Si tratta di Flavio Libio Severo, che ricoprì la carica di Pontefice Massimo dal 461 al 465 dopo Cristo. Sconfisse gli Alani e morì avvelenato in circostanze misteriose. 

Tra i numerosi cittadini illustri di Policastro Bussentino (la Pixous greca e la Buxentum romana), prestigioso centro storico dell'omonimo Golfo, merita particolare menzione, per la grande importanza della sua carica, Flavio Libio Severo, Imperatore Romano e Pontefice Massimo dall'anno 461 al 465 d.C.

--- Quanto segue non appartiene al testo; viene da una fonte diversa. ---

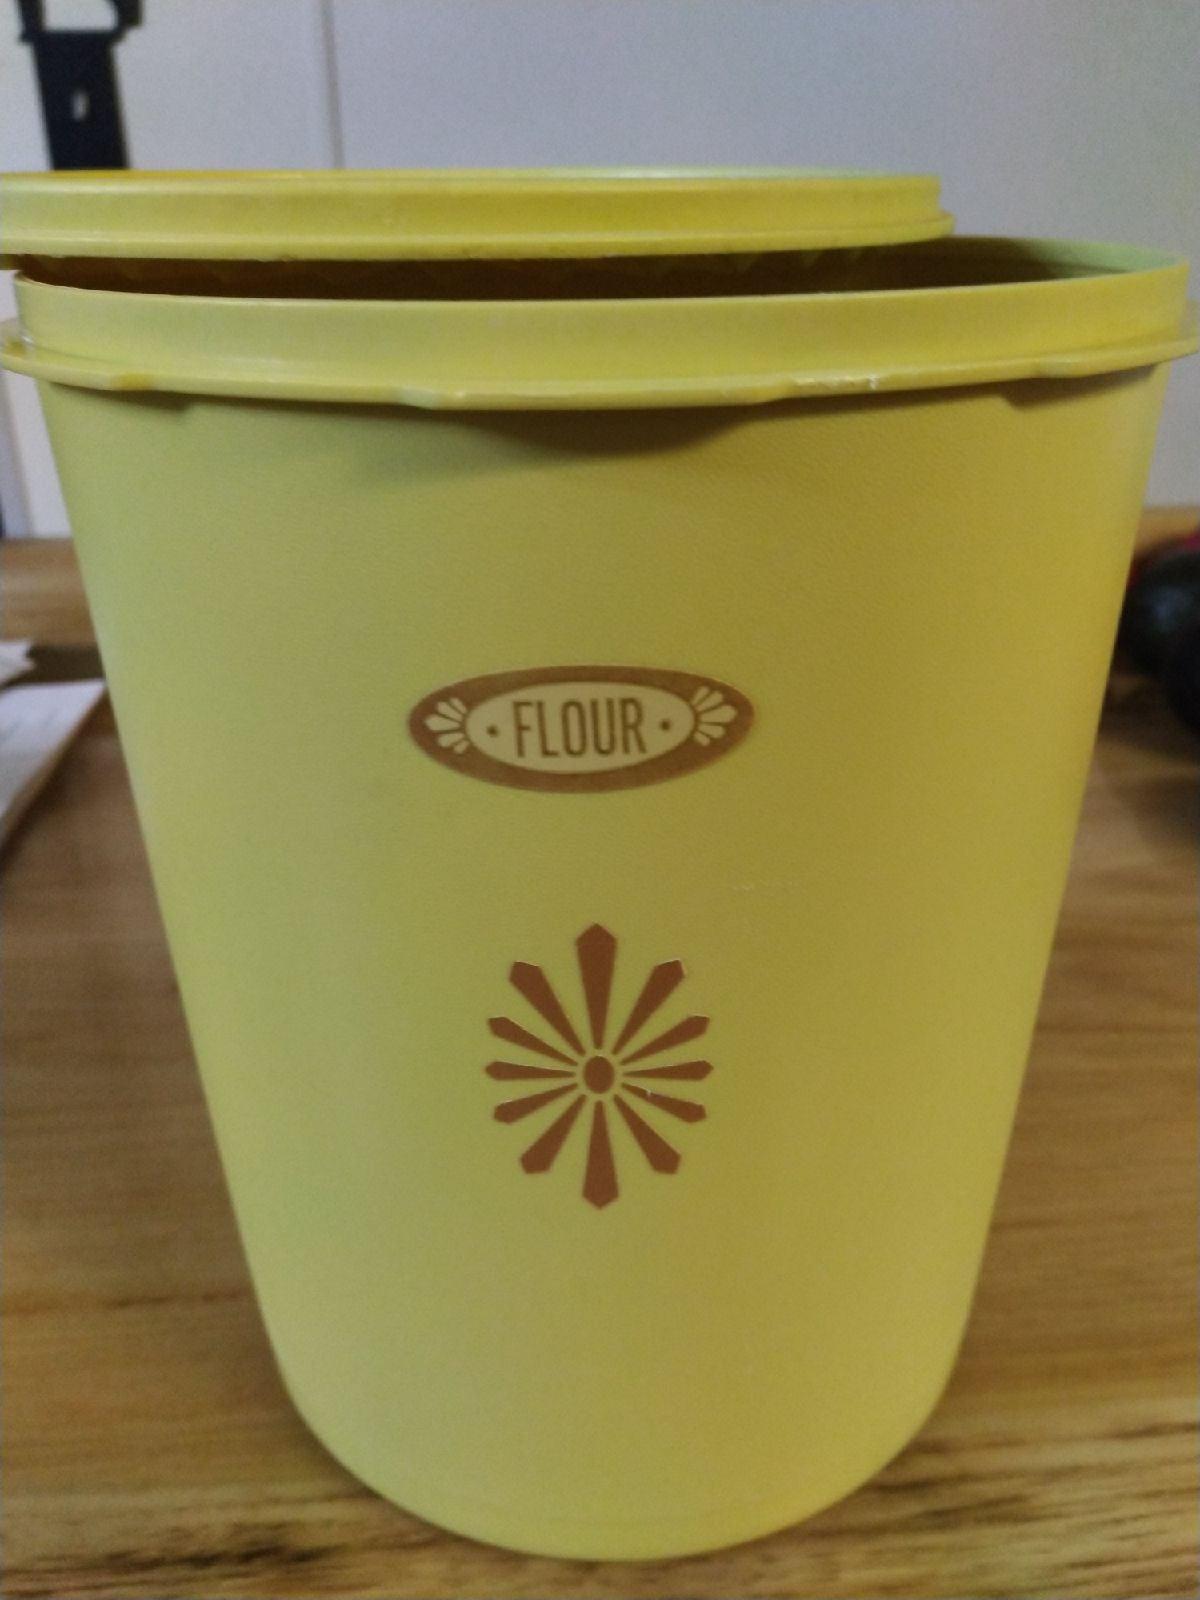 Vintage Tupperware flour container

Ad accertarne le origini sono Cassiodoro ed altri storici antichi, i quali riferiscono che Libio Severo era nato in Lucania, esattamente a Buxentum, intorno al 420, figlio di ricchi proprietari terrieri. Personaggio di esemplare condotta, generoso, pio e di condizione agiata, ricopriva l'incarico di funzionario imperiale, quando, il 20 novembre dell'anno 461, venne acclamato imperatore di Roma, a Ravenna, grazie ai maneggi del generalissimo Ricimero - di origine sveva e nipote del re visigoto Vallia - che, ormai padrone assoluto dell'Impero, aveva tutto l'interesse ad eleggere un personaggio che non lo ostacolasse nella sua azione politica e militare.

Il "magister militum", infatti, aveva fatto imprigionare e uccidere l'imperatore Maggioriano, predecessore di Libio Severo, perché ne aveva intuito le aspirazioni e le intenzioni di governare senza condizionamenti. L'insonne e furbissimo Ricimero, comandante in capo delle milizie occidentali romane, anche se barbaro, comprendeva bene che un bestione come lui, alto due metri e largo uno, con baffi e  capelli rossicci, che con fatica ruminava qualche parola di latino, non poteva sedersi sul trono che era stato di Marco Aurelio e di Traiano. Alla ricerca d'un uomo di modeste aspirazioni, aveva perciò rivolto l'attenzione su questo pacioso funzionario lucano, sicuro che questi si sarebbe prestato al gioco meglio del suo predecessore.

L'elezione di Flavio Libio Severo non venne, però, riconosciuta dall'imperatore d'Oriente Leone I e dalle province della Gallia e della Dalmazia che gli rifiutarono obbedienza. Ridotta la sua autorità alla sola Italia, cercò di contrastare le scorrerie dei Vandali che, con le loro azioni predatorie nel Mediterraneo, colpivano ripetutamente anche le coste meridionali italiane. Radunato un forte esercito con a capo il capitano goto Rithiner, riuscì a sconfiggere, nei pressi di Castellabate, il selvaggio Berigo, re degli Alani, che vi si era insediato stabilendo il suo quartier generale su un pianoro, detto oggi "Piano della Corte".

La sua azione politica, comunque, non fu di particolare spessore e la sua carriera d'imperatore finì com'era iniziata, cioè per mano di Ricimero che, con ogni probabilità, lo fece avvelenare  a Roma, il 15 agosto del 465.

A Policastro sono state rinvenute alcune monete romane  recanti la sua effige (foto).